BEGIN Available data

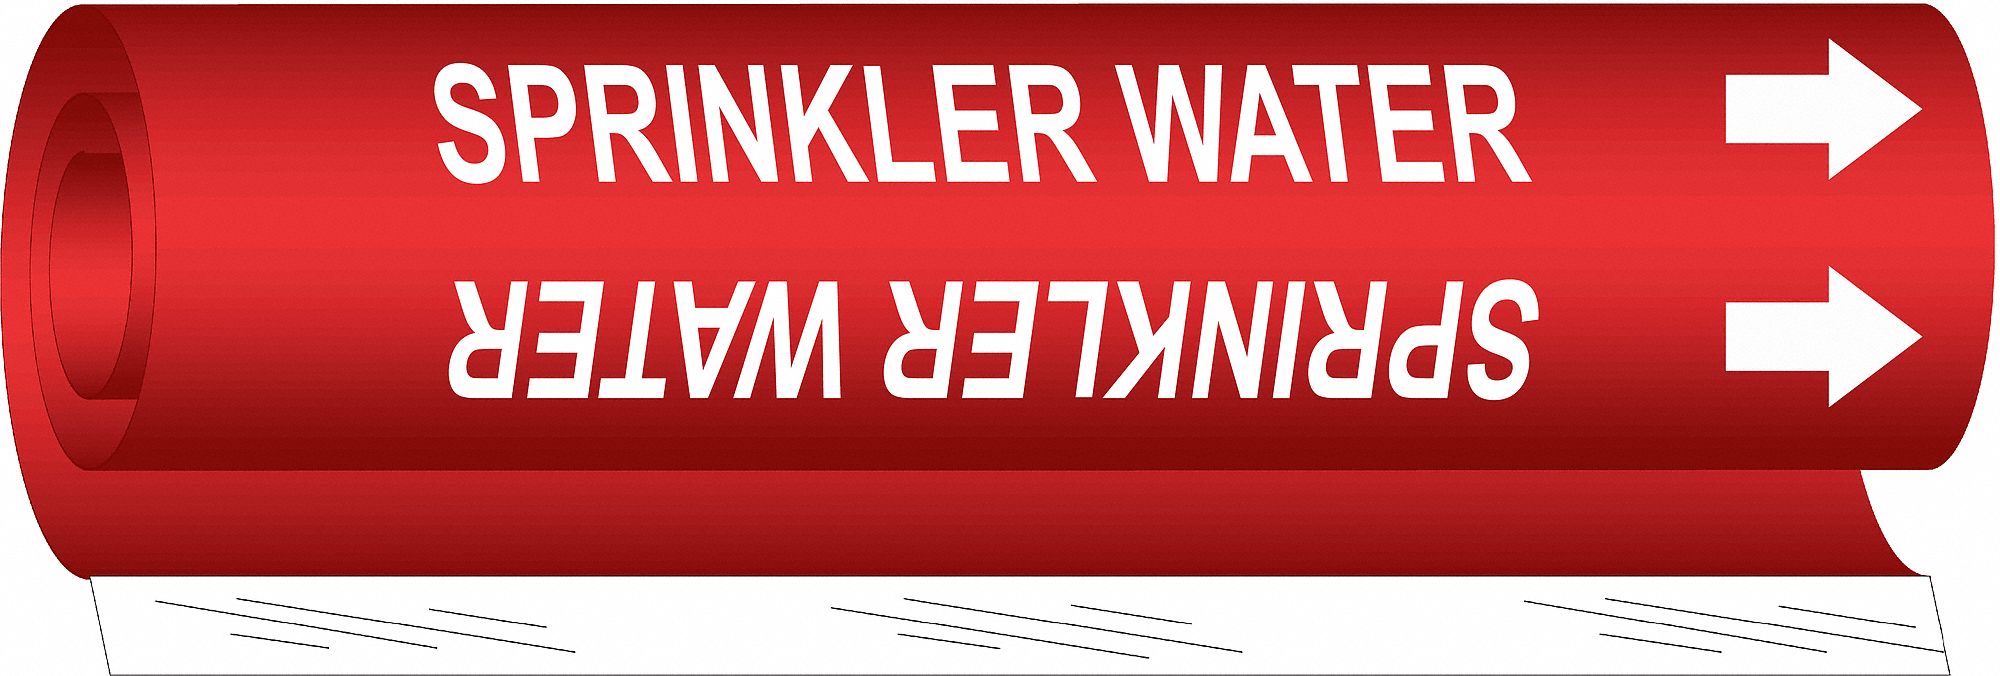 Pipe Mrkr,Sprinkler Water,2-1/2to7-7/8In
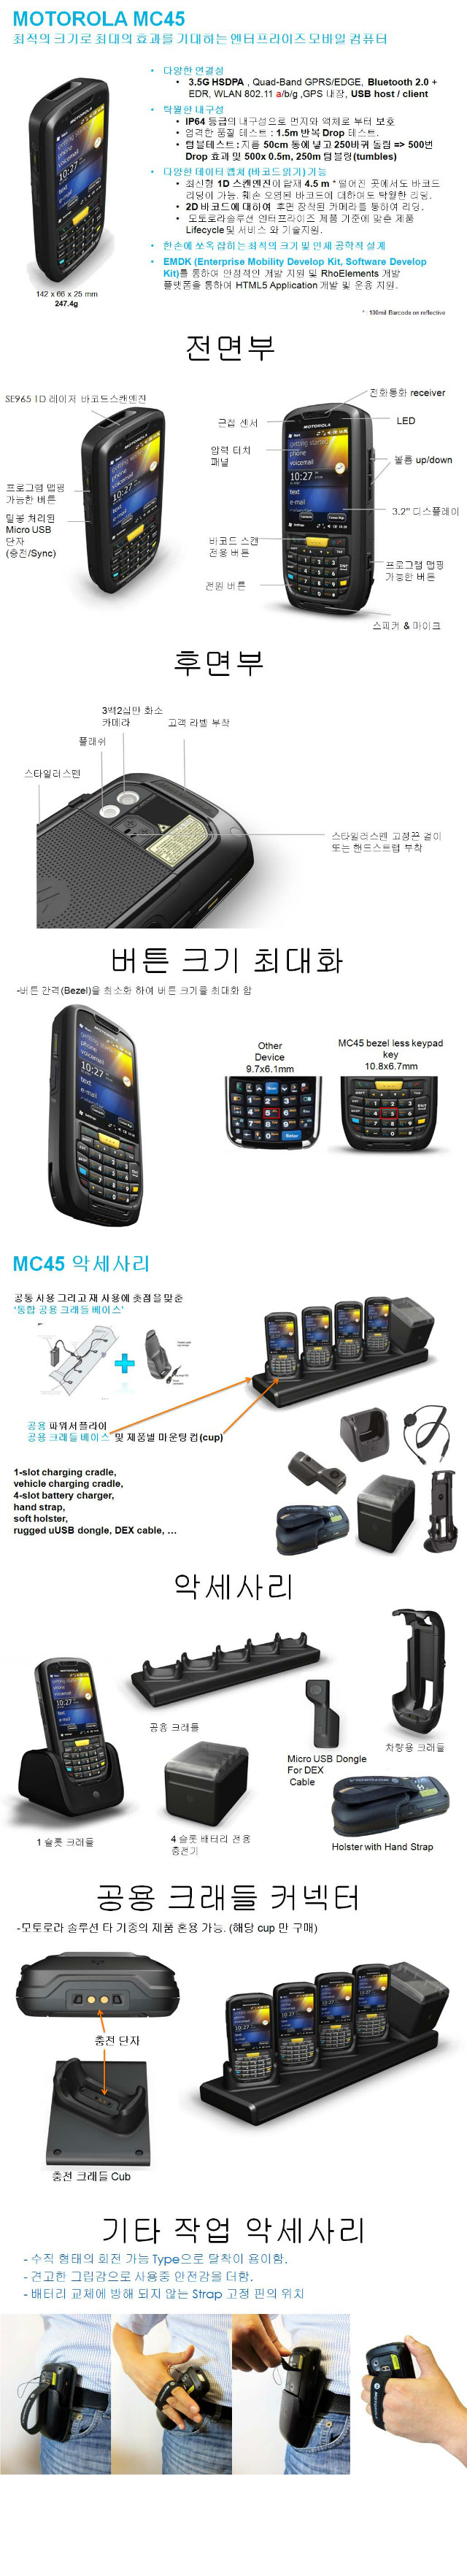 MC45_spec.jpg
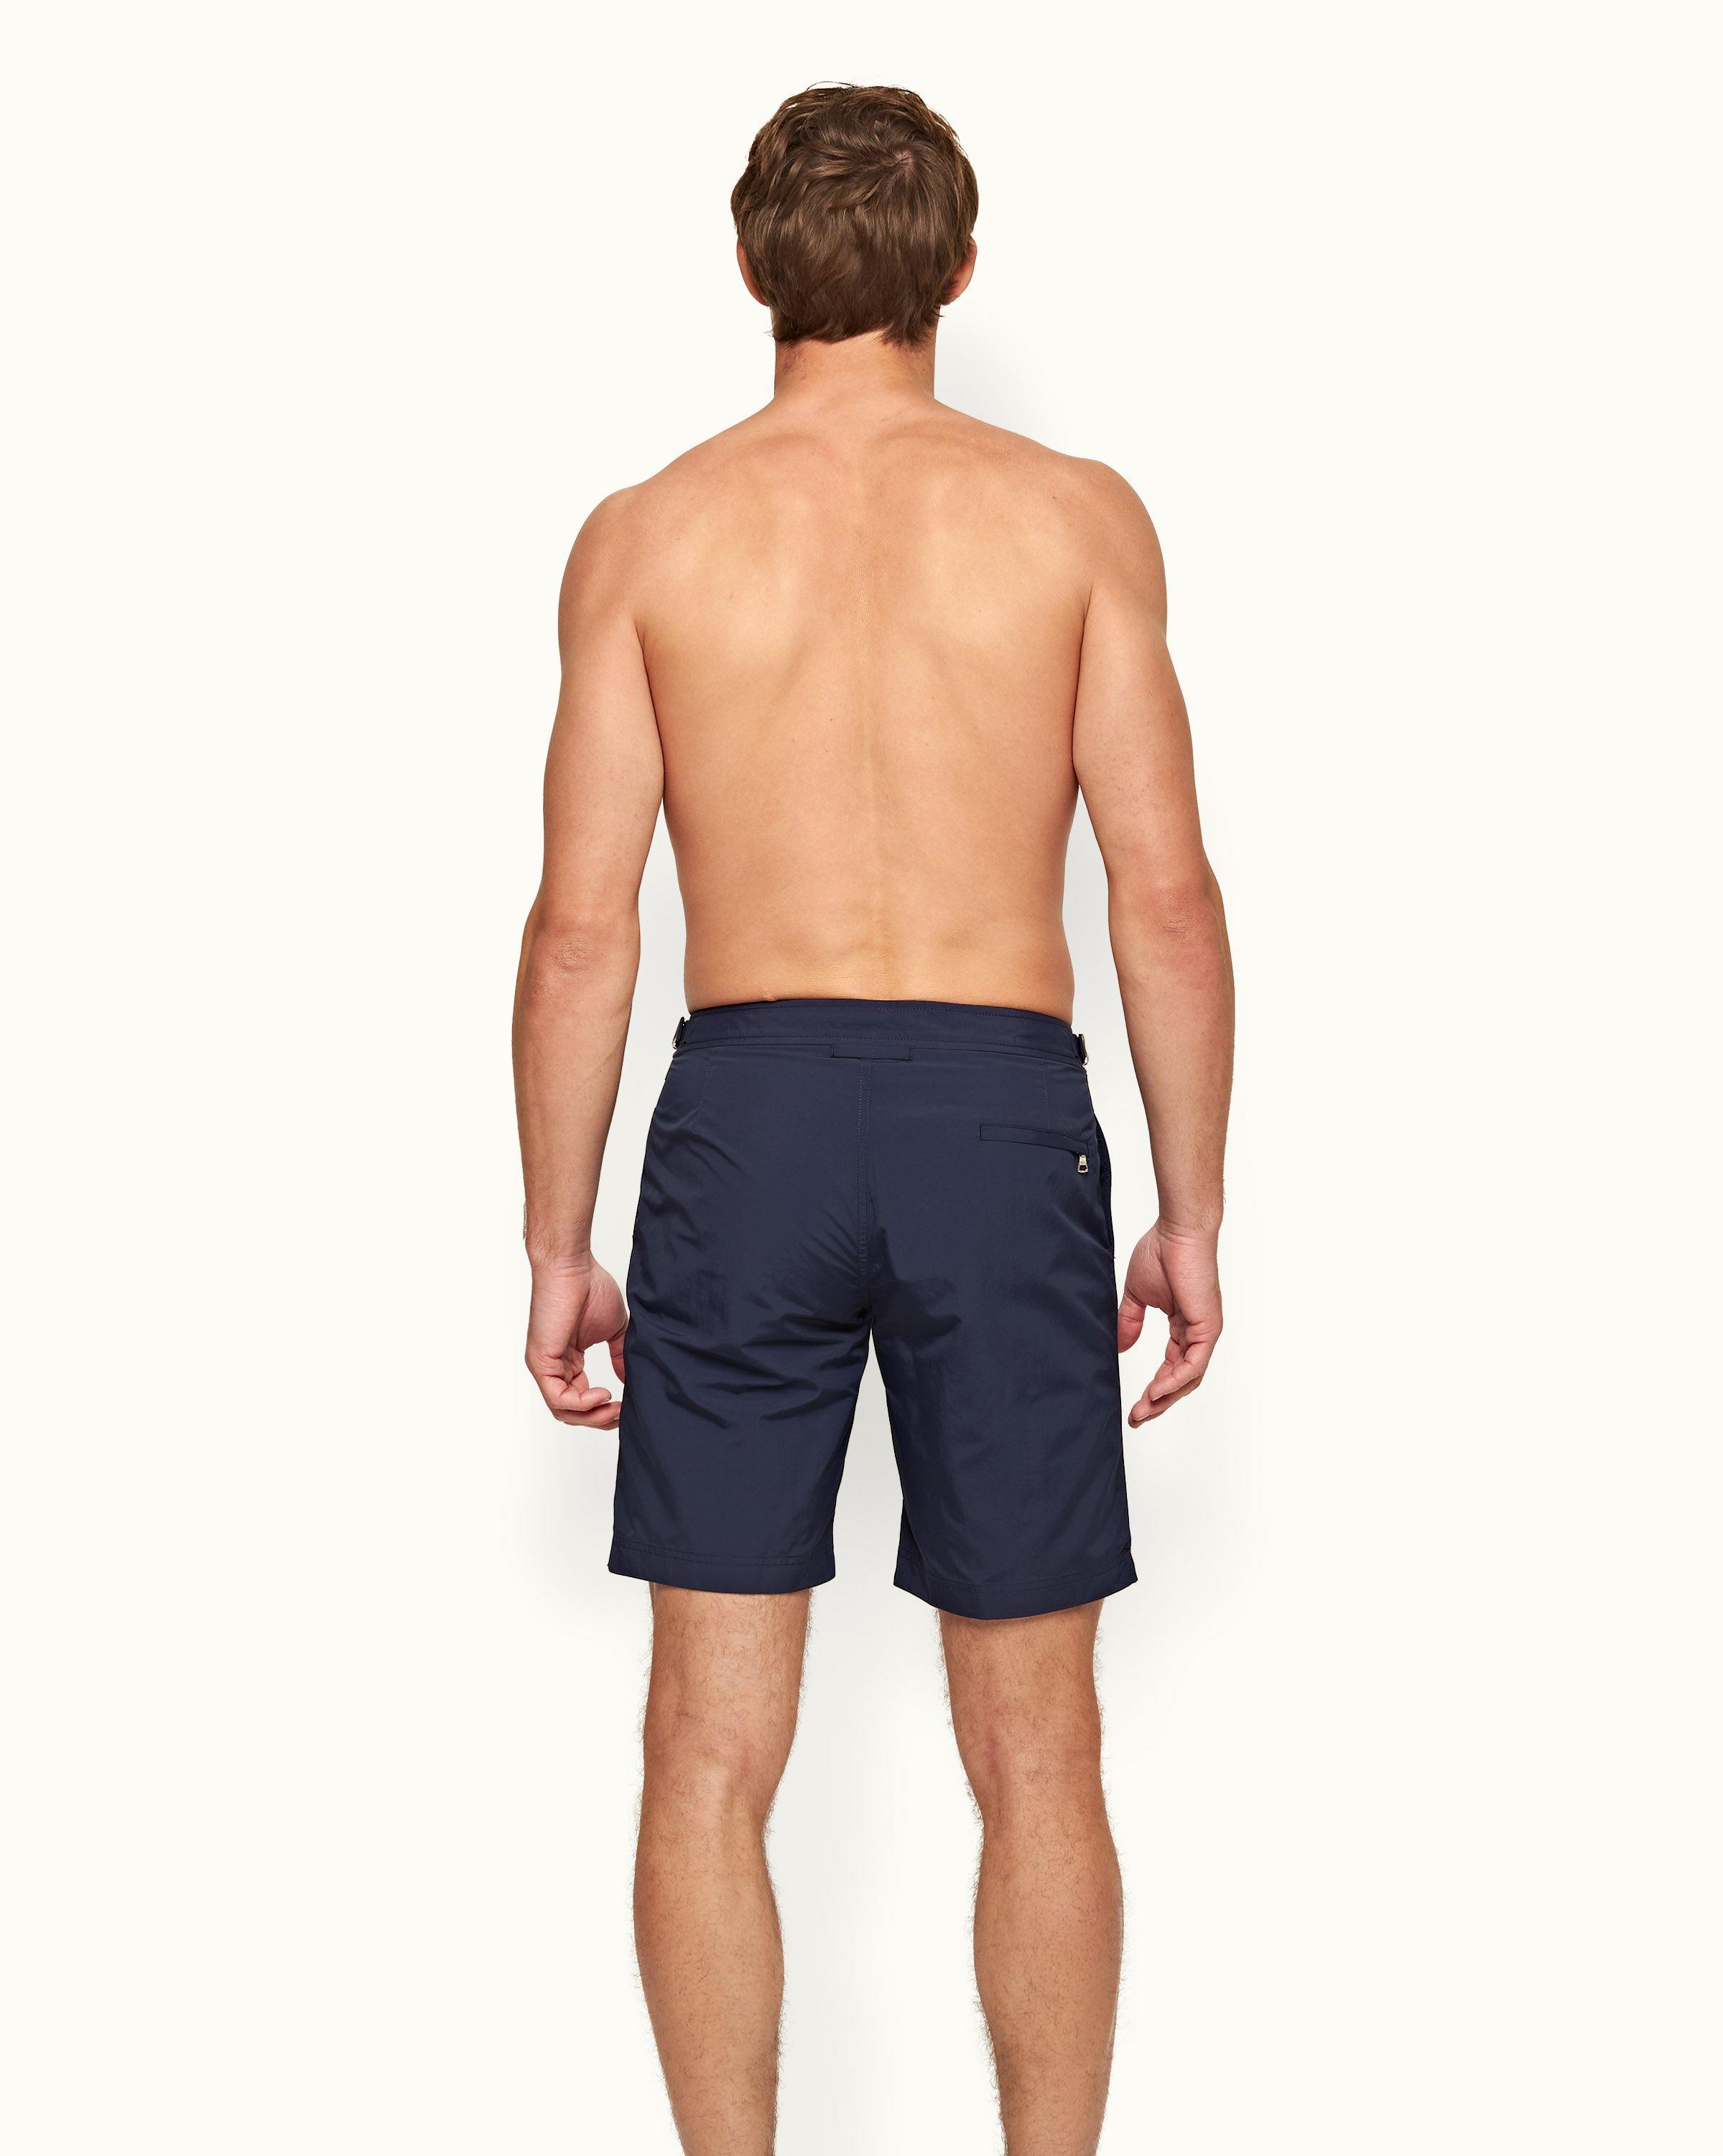 Quels sont les shorts de bain les plus stylés pour cet été ?

END Available data

* Your objective
Please give again, word for word, the lines from the one containing "MC45_spec.jpg" through the last line of the listing above, inclusive, and leave out pictures.

* Solution for this exercise
 MC45_spec.jpg
 Quels sont les shorts de bain les plus stylés pour cet été ?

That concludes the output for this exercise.